Enter social media and web 2.0 tools that rest, fundamentally, on engaging and communicating with and among target population groups. Now it’s possible to extract data on conversation frequency, topics being discussed, and even “sentiment” algorithmically classified from keyword, semantic, and grammatical analysis. Making these tools more widely available as a way to engage with — and track — public involvement is a Good Thing, right?

My answer is a definite “Yes” — but there’s a catch. The catch is that we may tend to attribute statistical validity to tools that don’t necessarily provide consistent or complete data. For example, how accurate is a tool that classifies the sex of blog posters using various text cues in surrounding data? What is the impact of constant changes to the coverage of a social media monitoring tool on any kind of trend analysis? How “accurate” is a classification of a blog post’s “sentiment” as “positive” or “negative?”

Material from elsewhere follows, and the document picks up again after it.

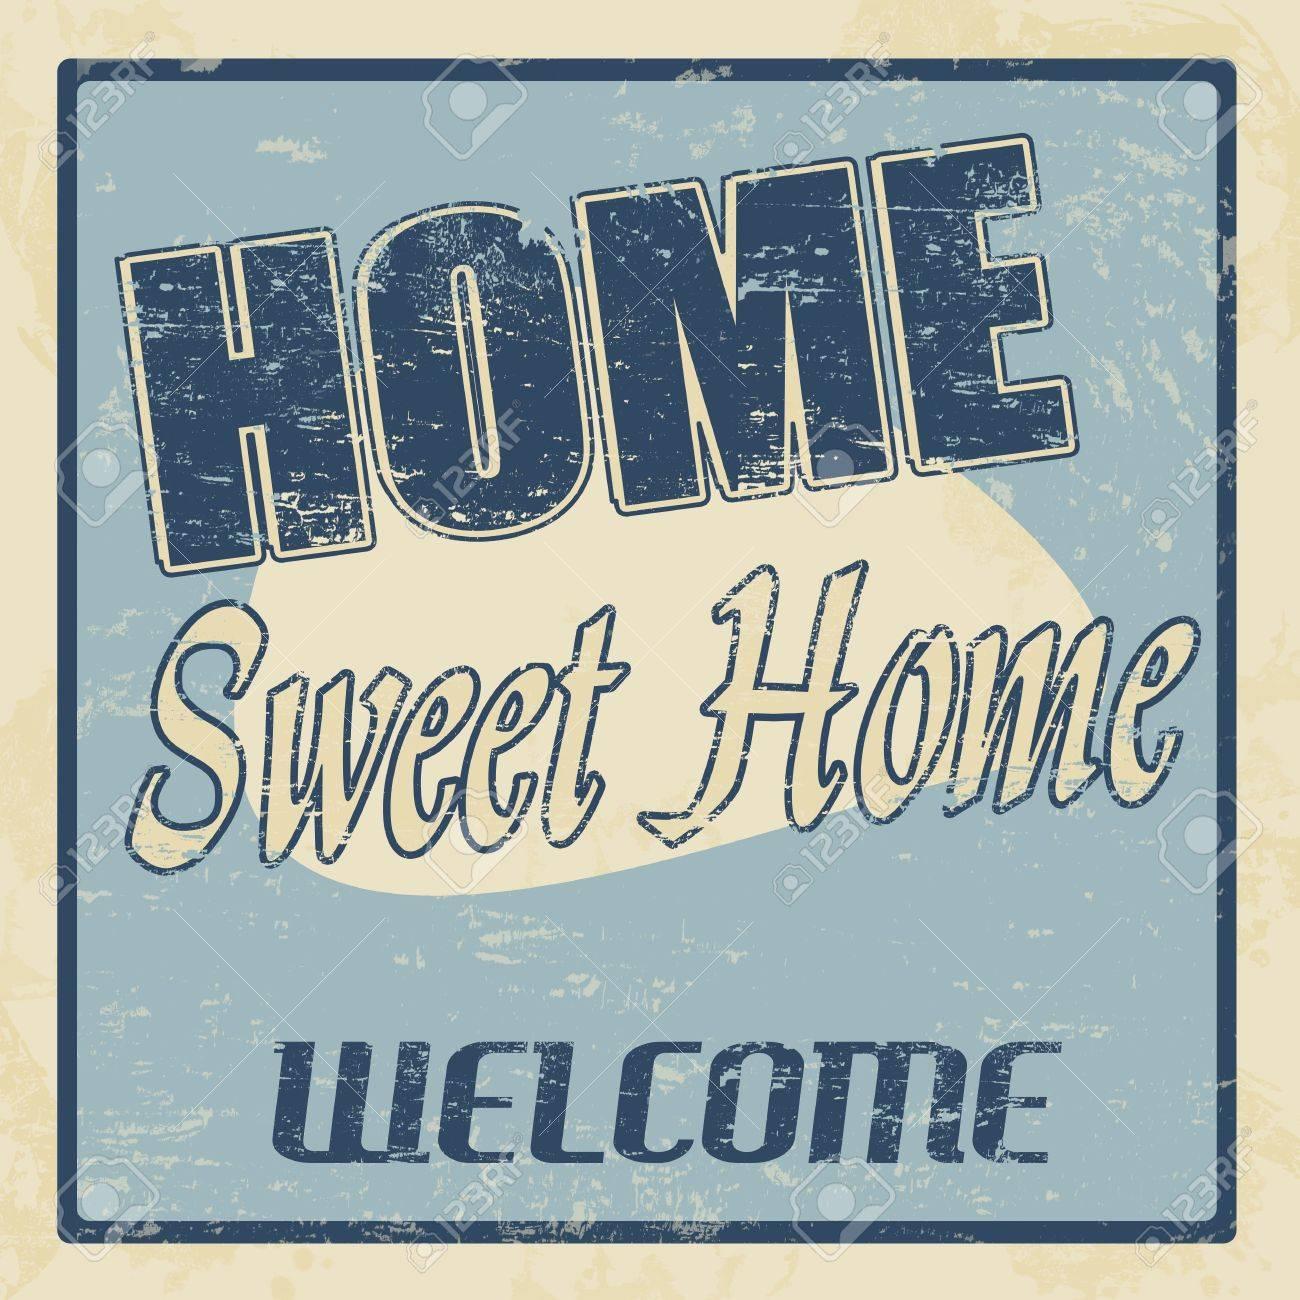 Vintage home sweet home vintage retro grunge poster, illustrator Stock Vector - 18119283
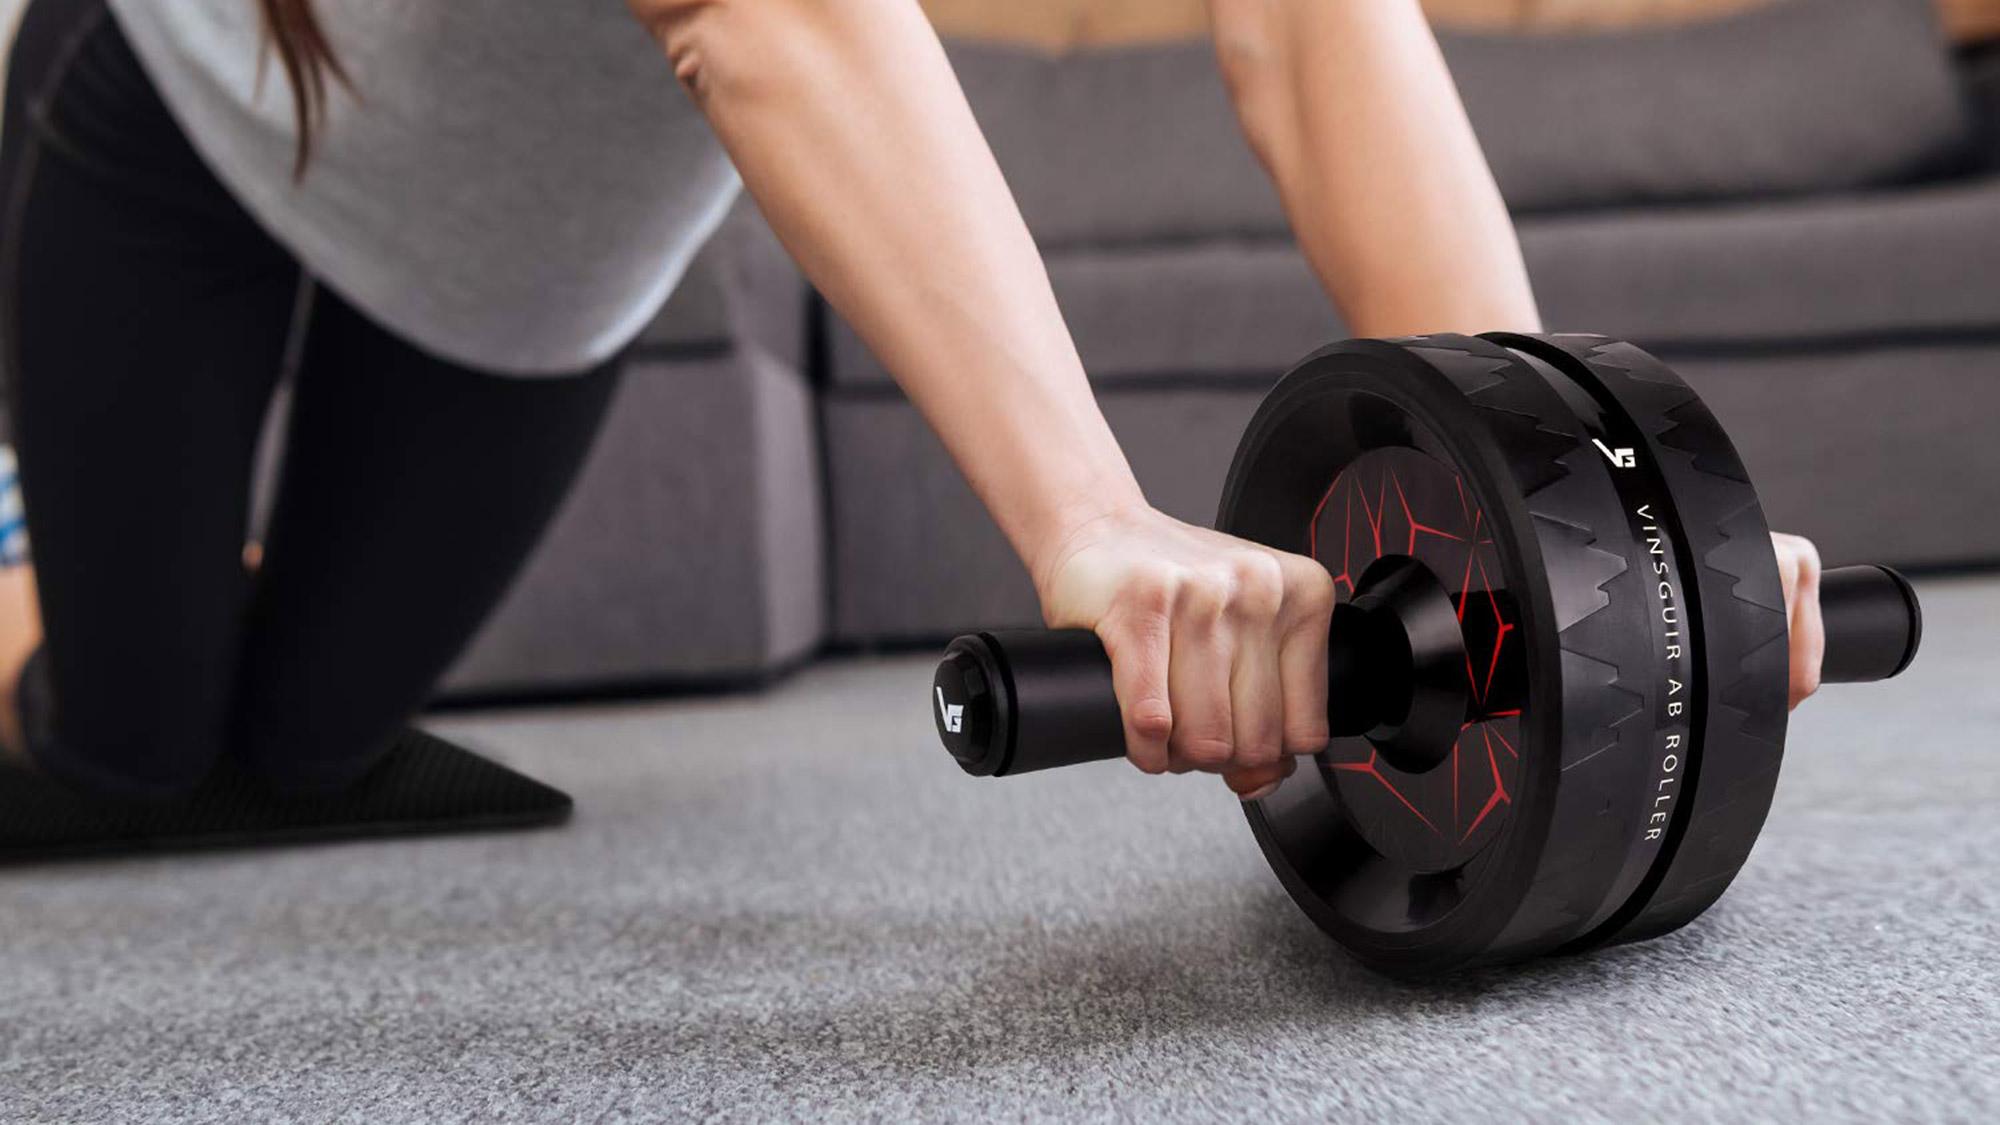 Best home gym equipment: Vinsguir Ab Roller

This is not meant as a criticism of such tools; they can be very useful in instances when the populations impacted by a government program are very large, diverse, and/or volatile. I’ve advised clients on their use. But a danger exists that, because the tools exist and we can subscribe to them easily and create easy-to-read “dashboards” to track a variety of online events and conversations, we may try to squeeze a bit more out of them than is warranted.

A comparable problem exists with the use of online and in person focus groups. No matter how much we understand the limitations of such tools with respect to their statistical projectability, we still find situations where we are forced to make decisions about population responses based on focus groups because that’s the only data we have.

I sympathize with this. I know that, no matter what the situation, we rarely have perfect data. Having to “make do” with what we have is a management fact of life.

So my take on the new OMB guidance on social media and the Paperwork Reduction Act is that it’s a Good Thing, but it doesn’t go far enough. Ultimate resolution of its ambiguities will probably require legislative action.

Meanwhile, I’m hoping that people responsible for planning, managing, and interpreting data on government program performance derived from social media and “web 2.0” tools make an attempt to align and map such data to accepted and statistically valid population data.

At minimum, program managers and policy makers need to understand the context in which social media derived data are being generated and collected. That may require building and maintaining data repositories that combine data from a variety of sources and support the ability to report to management in ways that objectively provide facts, context, and insight that social media based metrics can now provide.